7. In the General Settings page, enter a display name. This name appears in Citrix Receiver so make it descriptive.
8. Enter the NetScaler Gateway Public URL. This can be a GSLB-enabled DNS name. Click Next.
   
   
9. In the Secure Ticket Authority page, click Add.
   
10. Enter the URL to a XenDesktop Controller. This can be http or https.
    
11. Continue adding Secure Ticket Authorities (XenDesktop Controllers). Whatever Secure Ticket Authorities you add here must also be added to the NetScaler Gateway Virtual Server on the NetScaler appliance. Click Next.
    
12. In the Authentication Settings page, if you have multiple Gateways (on separate appliance pairs) connecting to one StoreFront server then then you’ll need to enter the vServer IP address (VIP) of the NetScaler Gateway Virtual Server so StoreFront can differentiate one NetScaler Gateway from another. If there’s only one Gateway communicating with this StoreFront server group, then leave the VServer IP address field empty.
13. If you need SmartAccess, then enter the Callback URL.
    • The Callback URL must resolve to any NetScaler Gateway VIP on the same appliance that authenticated the user. For multi-datacenter, edit the HOSTS file on the StoreFront server so it resolves to NetScaler appliances in the same datacenter.
    • The Callback URL Gateway Virtual Server must have a trusted and valid (matches the FQDN) certificate.
    • The Callback URL Gateway Virtual Server must not have client certificates set to Mandatory.
14. If you don’t need SmartAccess then leave the Callback URL field empty.
    
15. If you enabled two-factor authentication (LDAP and RADIUS) on your NetScaler, change the Logon type to Domain and security token.

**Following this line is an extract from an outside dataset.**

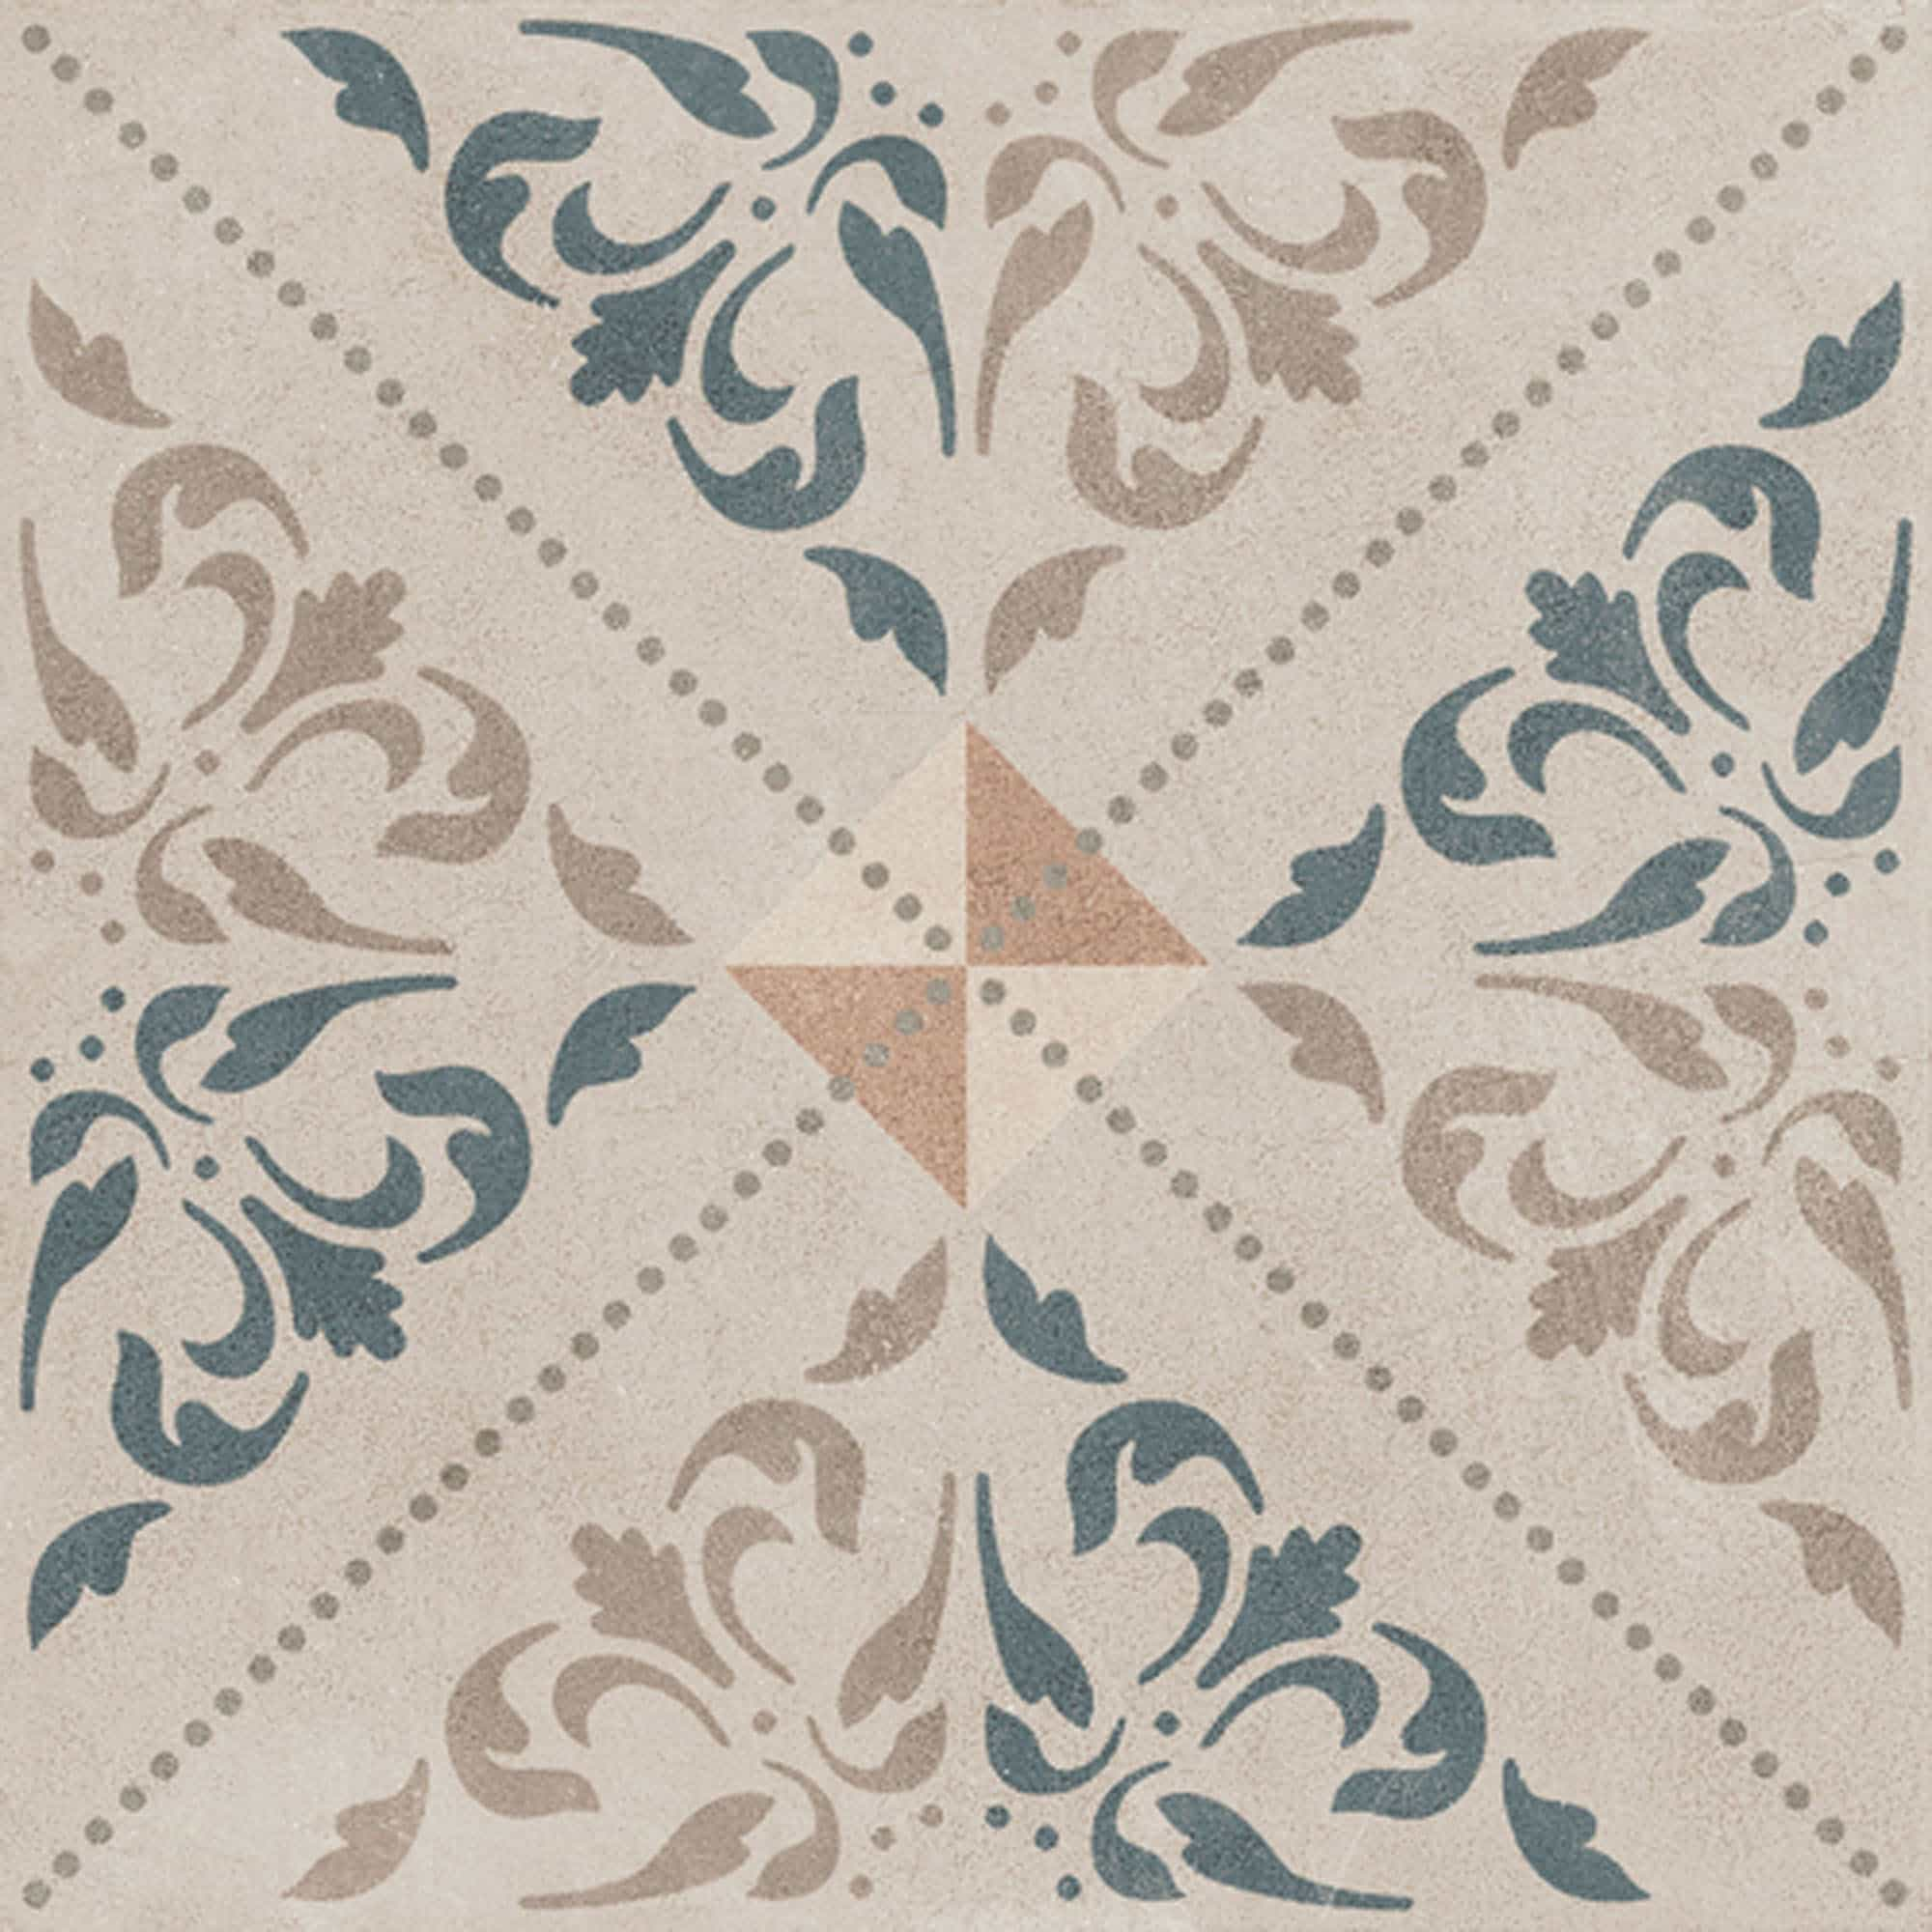 Vintage vloertegels - Patchwork Classic 02

Otherwise leave it set to Domain only.
    
16. Click Create.
17. Then click Finish.
    
18. Right-click a store and click Configure Remote Access Settings.
    
19. Check the box next to Enable Remote Access.
20. Leave it set to No VPN tunnel.
    • Note: if you want Receiver to automatically launch a VPN tunnel, then see CTX200664 How to Configure Receiver for Seamless Experience Through NetScaler Gateway.
21. Check the box next to the NetScaler Gateway object you just created and then click OK.
    
22. Then in the StoreFront console, right-click Server Group and click Propagate Changes.
    

Single FQDN

Docs.citrix.com – Create a single Fully Qualified Domain Name (FQDN) to access a store internally and externally

Traditionally Receiver required separate FQDNs for StoreFront Load Balancing (internal) and NetScaler Gateway (external). Recently Citrix made some code changes to accept a single FQDN for both. This assumes that external users resolve the Single FQDN to a NetScaler Gateway VIP and internal users resolve the same FQDN to StoreFront Load Balancing VIP.

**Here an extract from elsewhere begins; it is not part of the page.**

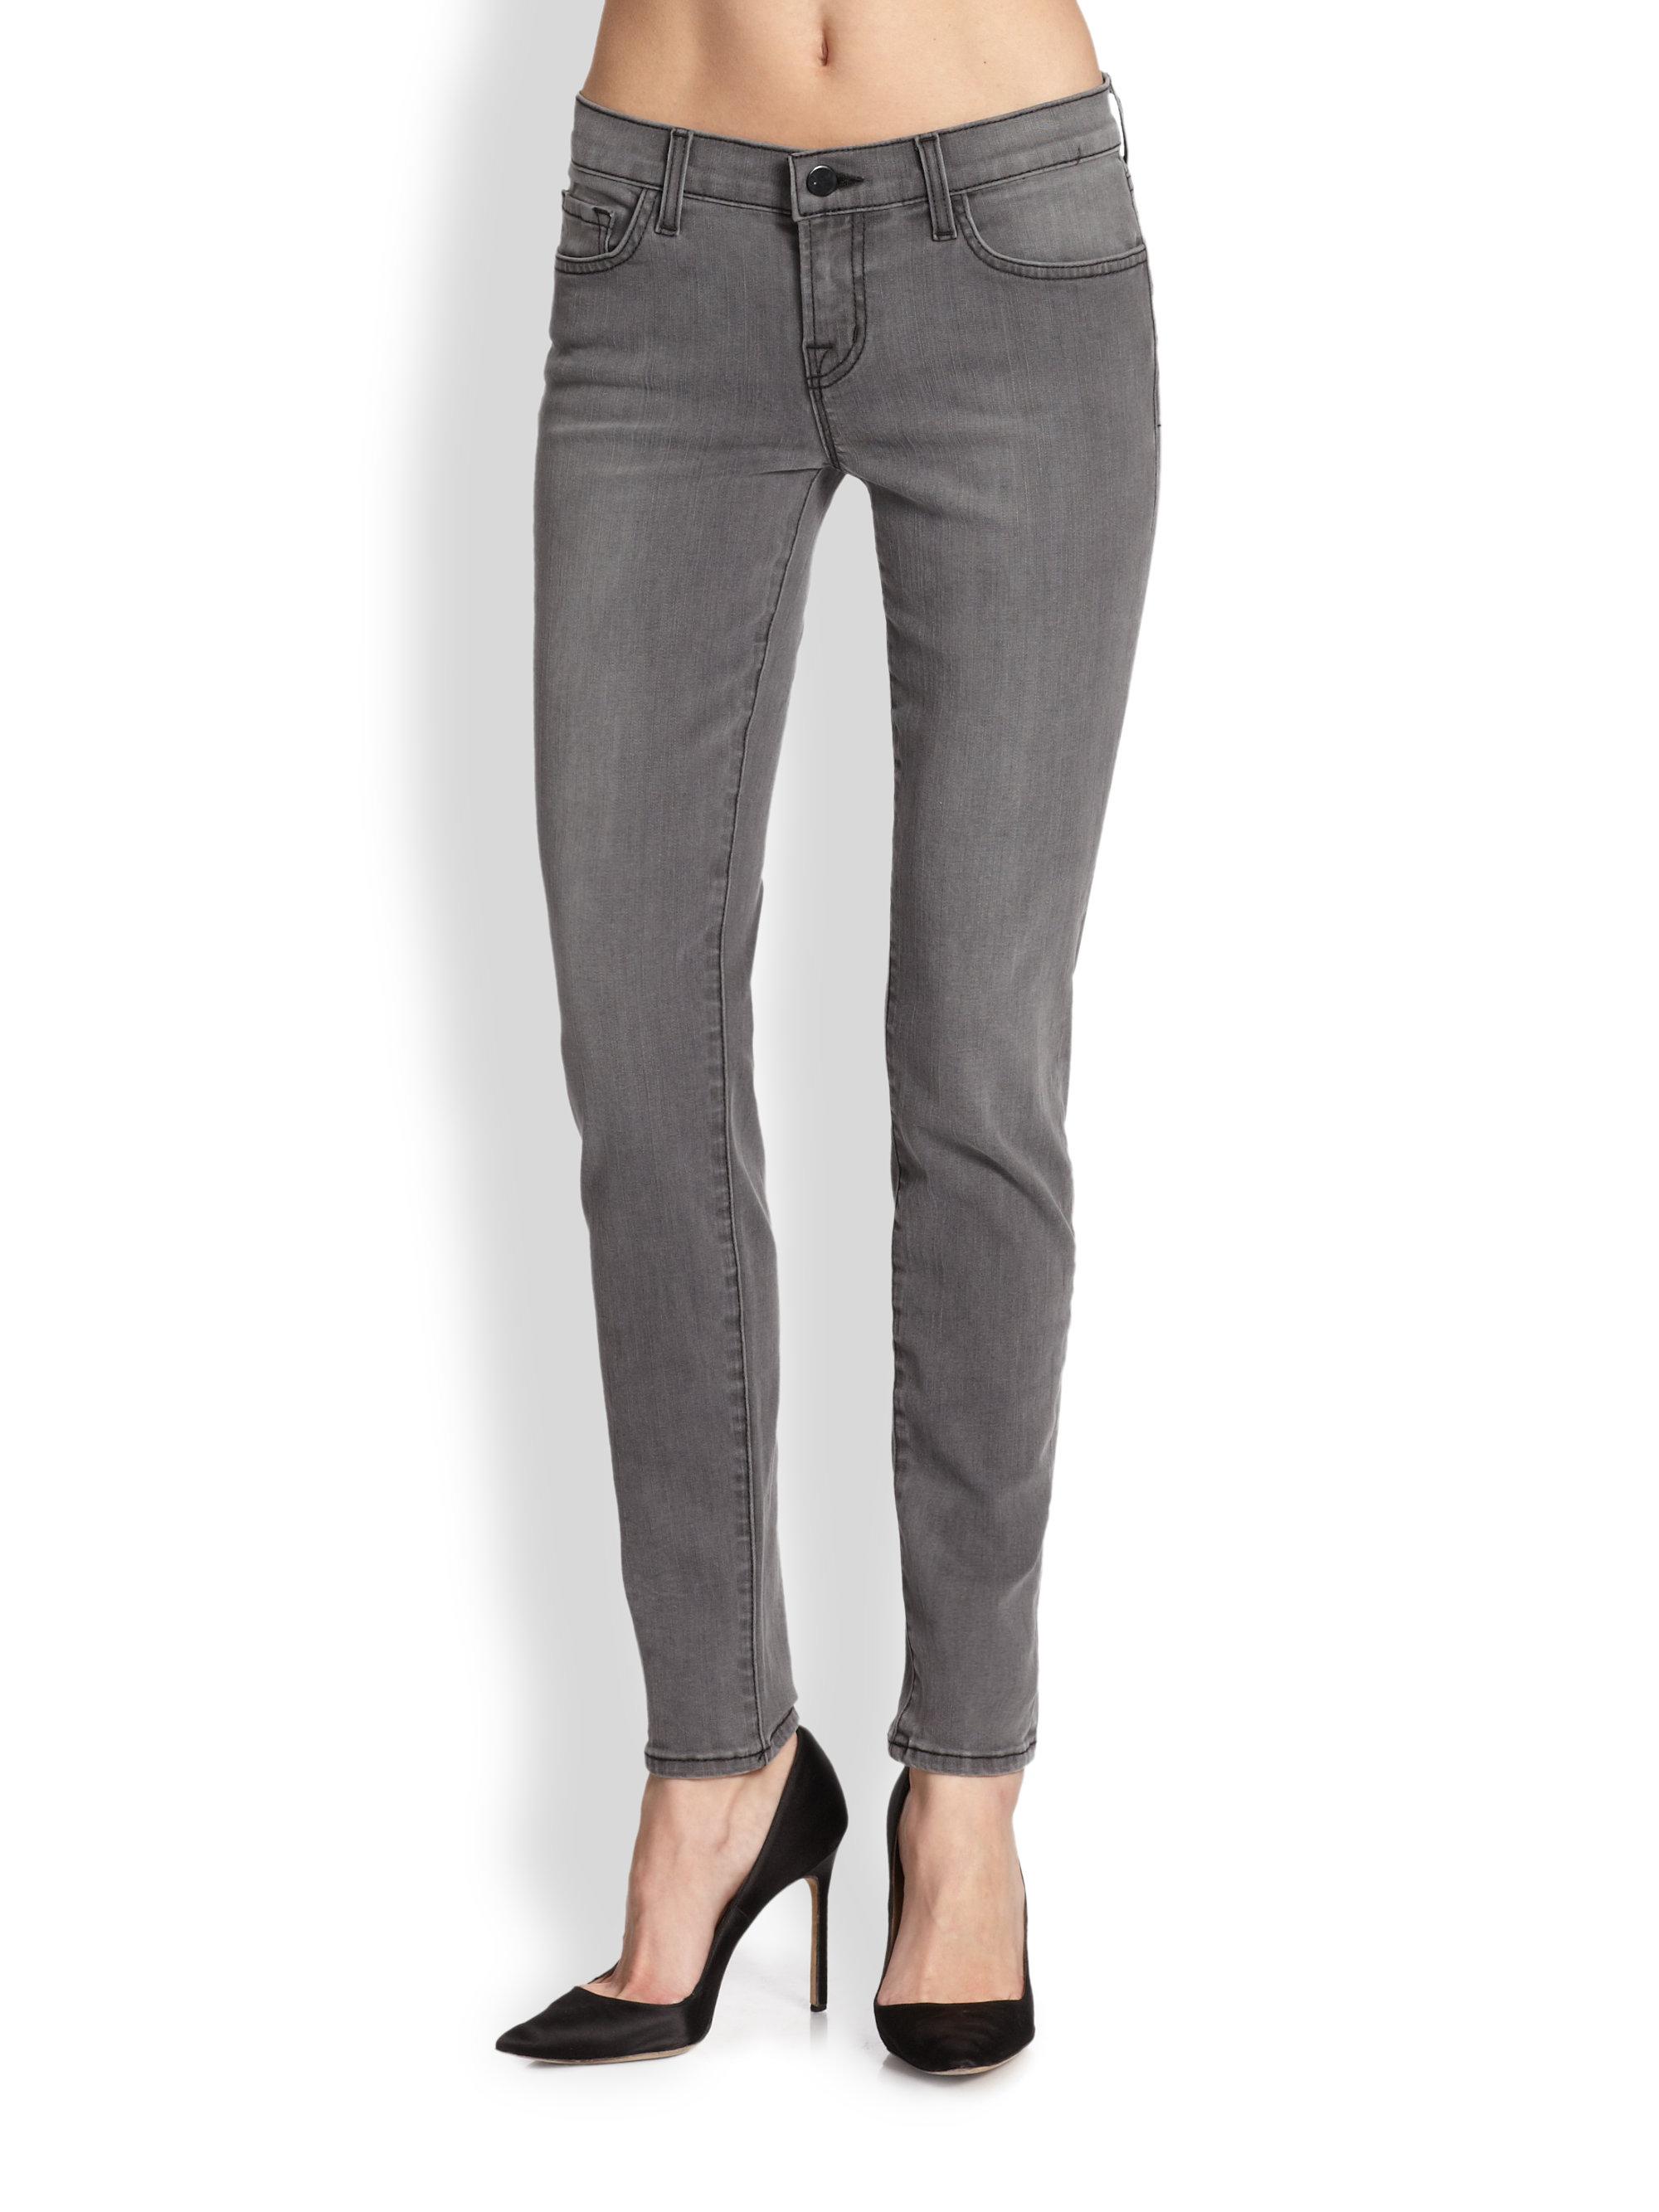 j brand photo ready 910 super skinny jeans in black onyx. Black Bedroom Furniture Sets. Home Design Ideas

Single FQDN has the following requirements:

• Receiver for Windows 4.2 or newer
• Receiver for Mac 11.9 or newer
• StoreFront 2.6 or newer
• Split DNS – different DNS resolution for internal vs external
• NetScaler 10.1 or newer

This section assumes NetScaler Gateway is in ICA Proxy mode. Different instructions are needed for when ICA Proxy is off. See docs.citrix.com for more information.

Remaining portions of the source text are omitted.